Like the actors named above, this is the then 47-year-old Hogg's first feature film. In 1980 kinetic sculptor Ron Haselden wanted her to make a short film of his work, and after meeting Derek Jarman, who lent her his Super 8 camera, she made Paper, as a result of which she got into the National Film School. However, she was sidetracked into a career in television for a number of years, and it was only the death of her father in 2003, followed by a three-year period of dealing with personal issues, that in the end spurred her on to making her first feature.

Elements of Hogg's own life fed into Unrelated, for which she needed a childless woman. Anna has never been a teenager, never experienced that freedom, so it is natural that she should feel attracted to the younger group as opposed to her friend who has enjoyed the sexual revolution, and has a family. But of course, she remains rudderless.

A number of critics have noticed how unlike her movie is to British films, more European mainland, perhaps particularly akin to the cinema of Éric Rohmer, reminding of his use of natural light and similar social situations.* This Hogg acknowledges, and also mentions that she watched Rossellini's Viaggio in Italia and read Mann's Death in Venice as well as the English L. P. Hartley's The Go-Between. Bresson's Notes on Cinematography is a vade vecum, and she particularly likes his credo of letting the feelings create the events rather than vice versa.

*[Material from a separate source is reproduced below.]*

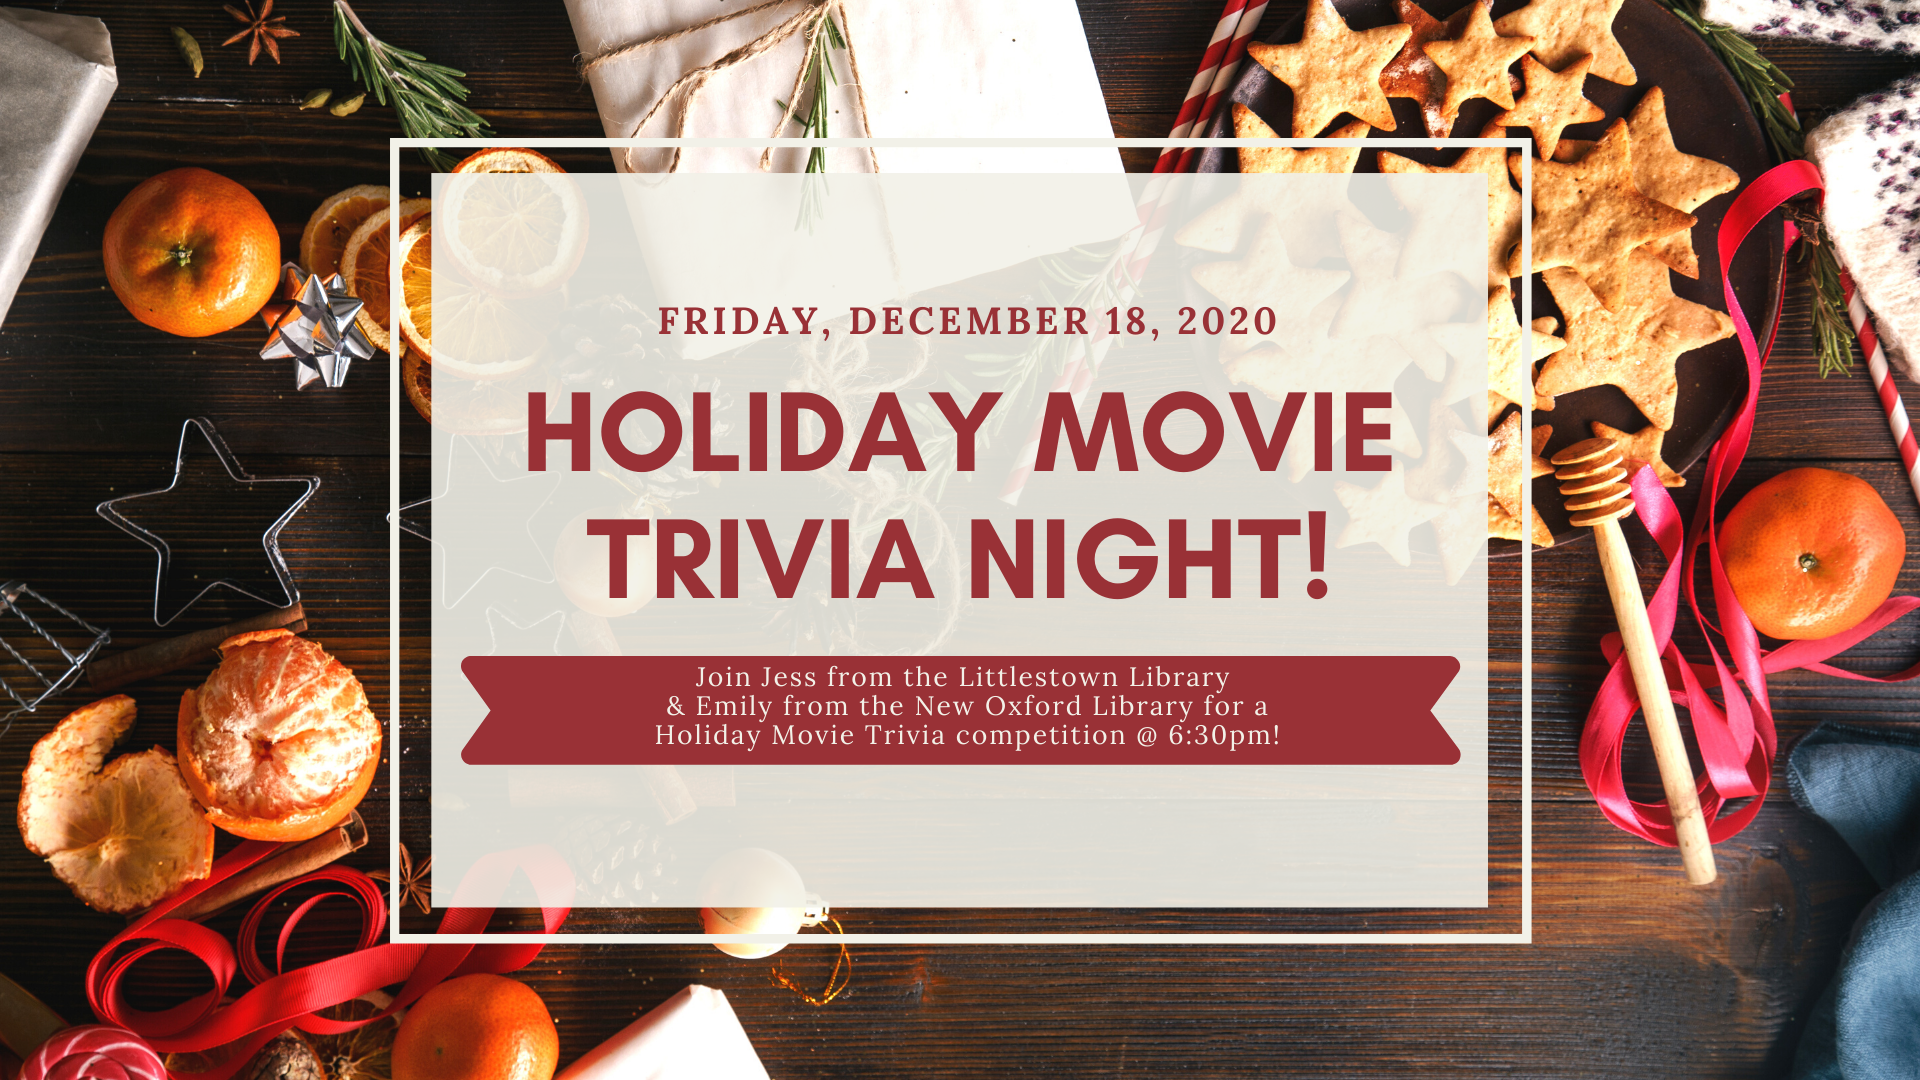 Holiday Movie Trivia Night on Friday, December 18, 2020 at 6:30pm!

Yasujirō Ozu is also a great inspiration to Hogg, as she is drawn toward directors who have a 'still approach' to cinema, and Ozu pared things down to the minimum and left them unexplained. Unrelated has many long shots where there is no panning and the camera is motionless, and long facial close-ups that slowly reveal character without underlining anything. The use of the low budget Sony Z1 with which the film is shot necessitated this approach anyway, as panning too fast would have resulted in pixellation.

Important events happen offscreen so that only the reactions of the characters are seen, as Hogg believes this has a much more powerful effect, such as the father's anger toward the son in one of the villa rooms that is heard from the swimming pool by the others.

This is a hugely impressive, haunting début movie, and Hogg's second feature, Archipelago - which has received even better reviews than Unrelated - is coming to these parts soon.

*I was strongly reminded of the content of Le rayon vert (1986).